The vendor threw in a little zippered case.

Harold thought it was hysterical: Peter Benoit buying a gun. And when Peter took it home and showed it to Kalisch, she giggled, too. A gun! He loaded it, then thought,
No, I’ll be safe
. He pulled out one cartridge—the one that would move under the firing pin when the cylinder rolled clockwise. That way, if one of their drunk or stoned friends picked up the gun and pulled the trigger, that empty
click
would give him a chance to think twice. He zipped the gun into its case, put it in the top dresser drawer, and forgot all about it.

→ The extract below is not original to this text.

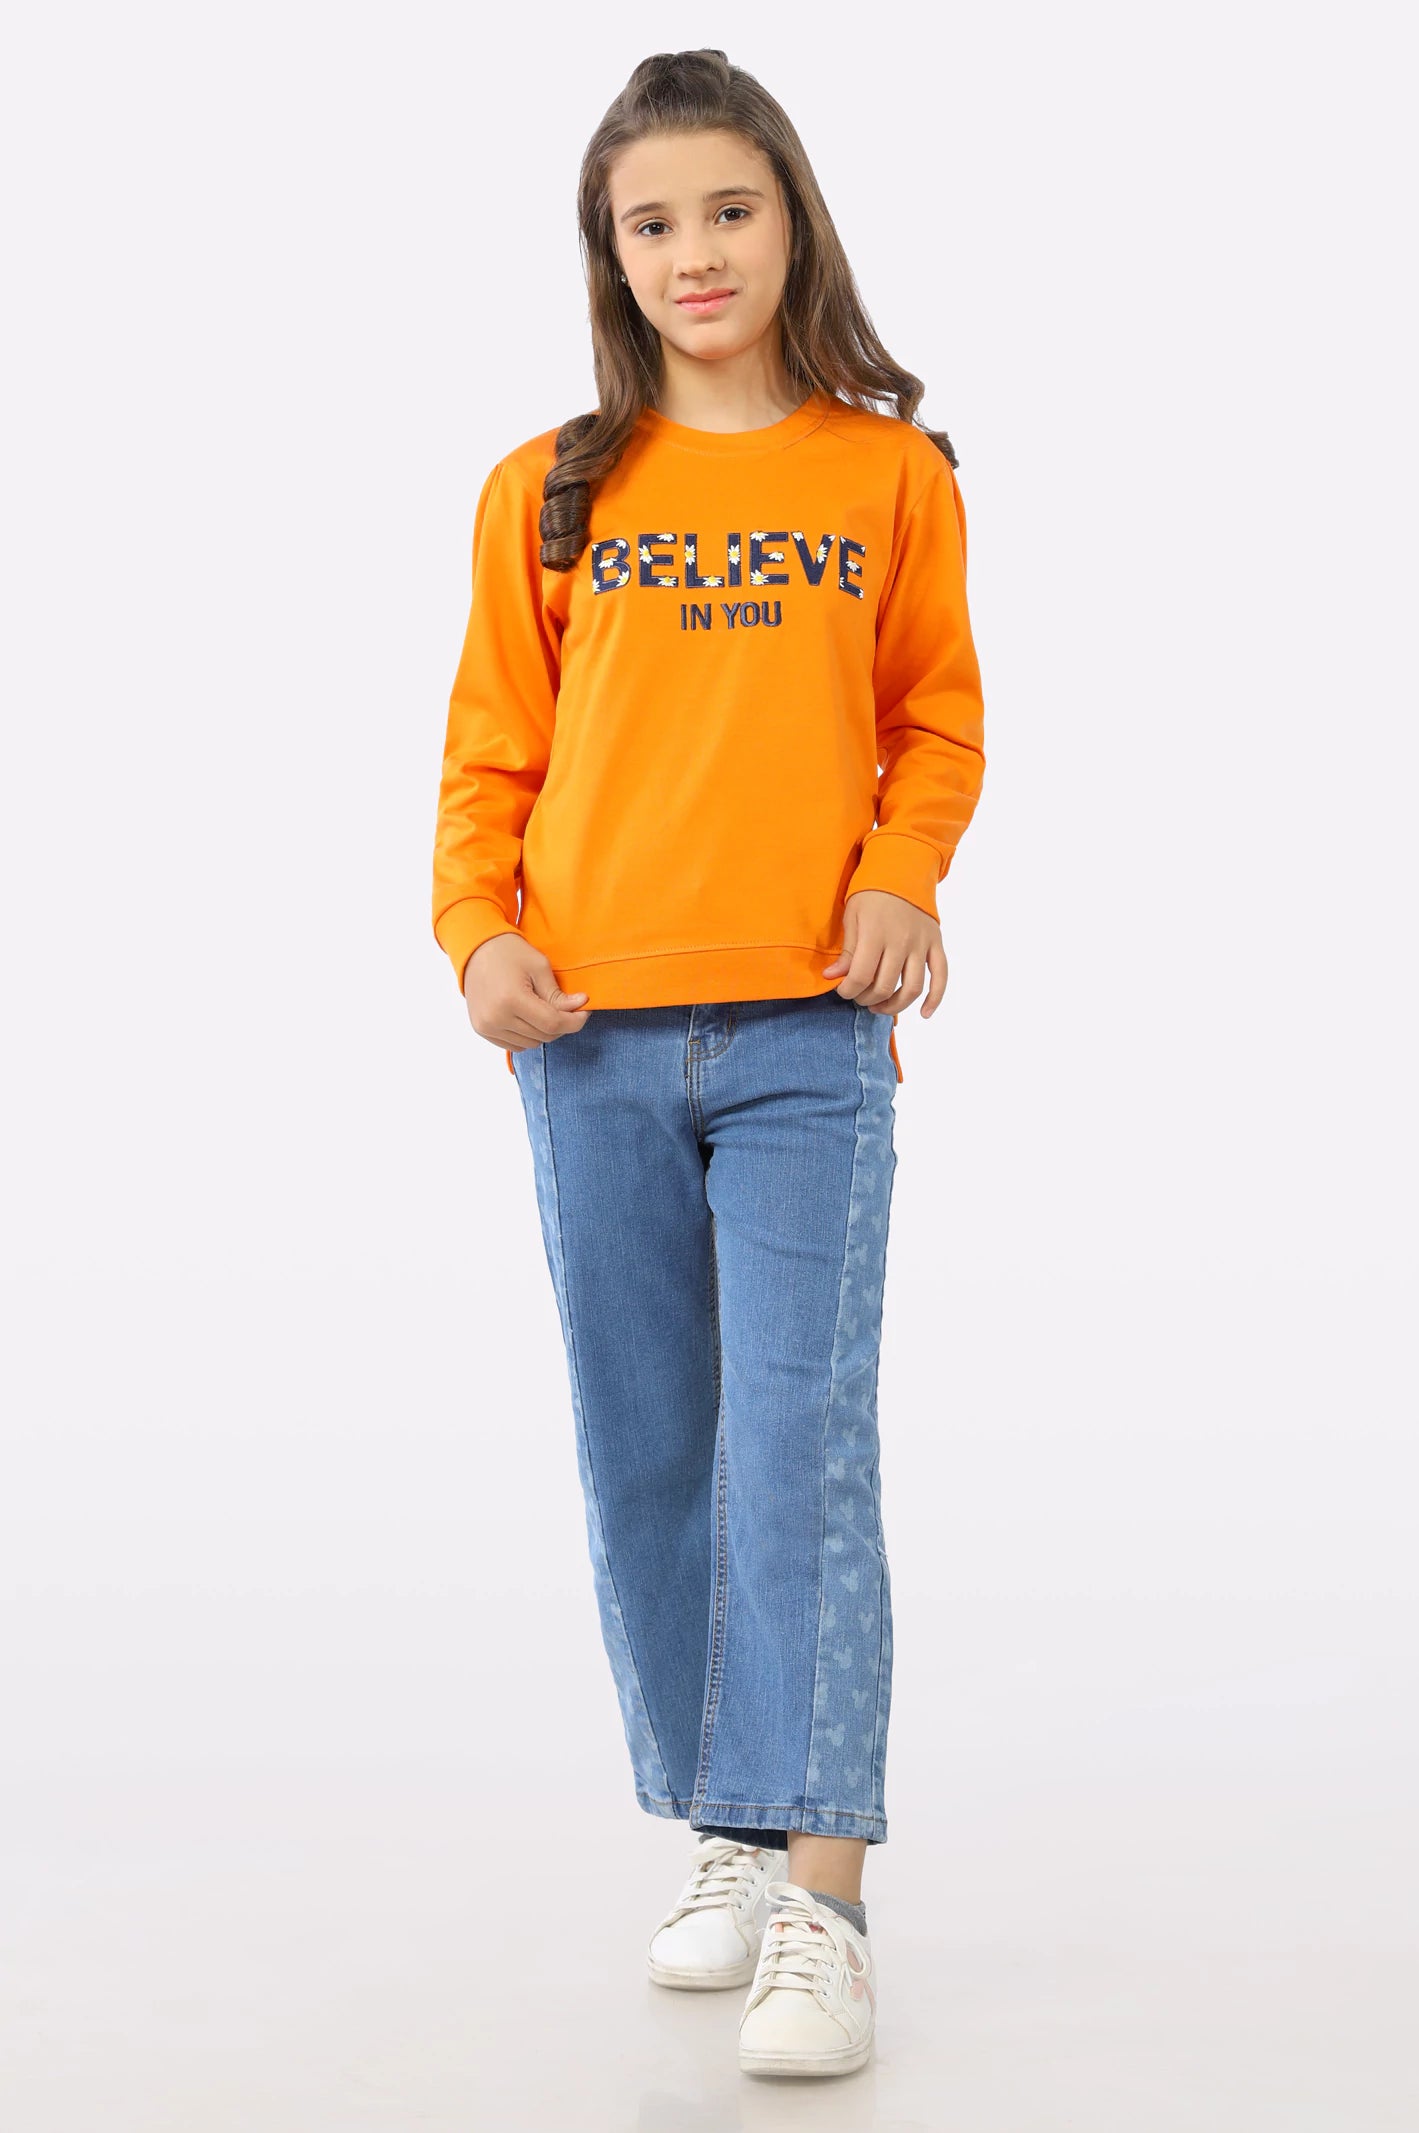 Orange Embroidered Girls Sweatshirt From Diners

Kalisch delivered Callan, a healthy boy, on Peter’s thirtieth birthday, in 1989. It didn’t much slow them down. Callan slept most of the time, and he didn’t seem to mind the rock and roll, the rumble of motorcycles revving, or the heavy musk of incense and weed. But something was changing between Peter and Kalisch. They bickered, and grew more distant. Peter started wondering whether they’d make it, or whether he’d be one
of those guys who never sees his kid. On November 29, they put five-month-old Callan to bed and had a few drinks. Peter did a couple of lines of coke, but they were both in a bitchy mood and argued. They went to bed and lay back to back, quietly seething. Peter, never one to hold a grudge long, started drifting off to sleep. But then the bed moved, and he realized Kalisch was up. He heard her moving in the dark, heard the top drawer open, heard the sound of a zipper.
Fuck
, he thought.
She’s getting the gun
. He threw off the covers, walked across the rolling wooden floor, and turned on a light. Sure enough, Kalisch was standing next to the open dresser drawer, the revolver in her hand. He threw out his arms and thrust out his chest. “What are you going to do, shoot me?”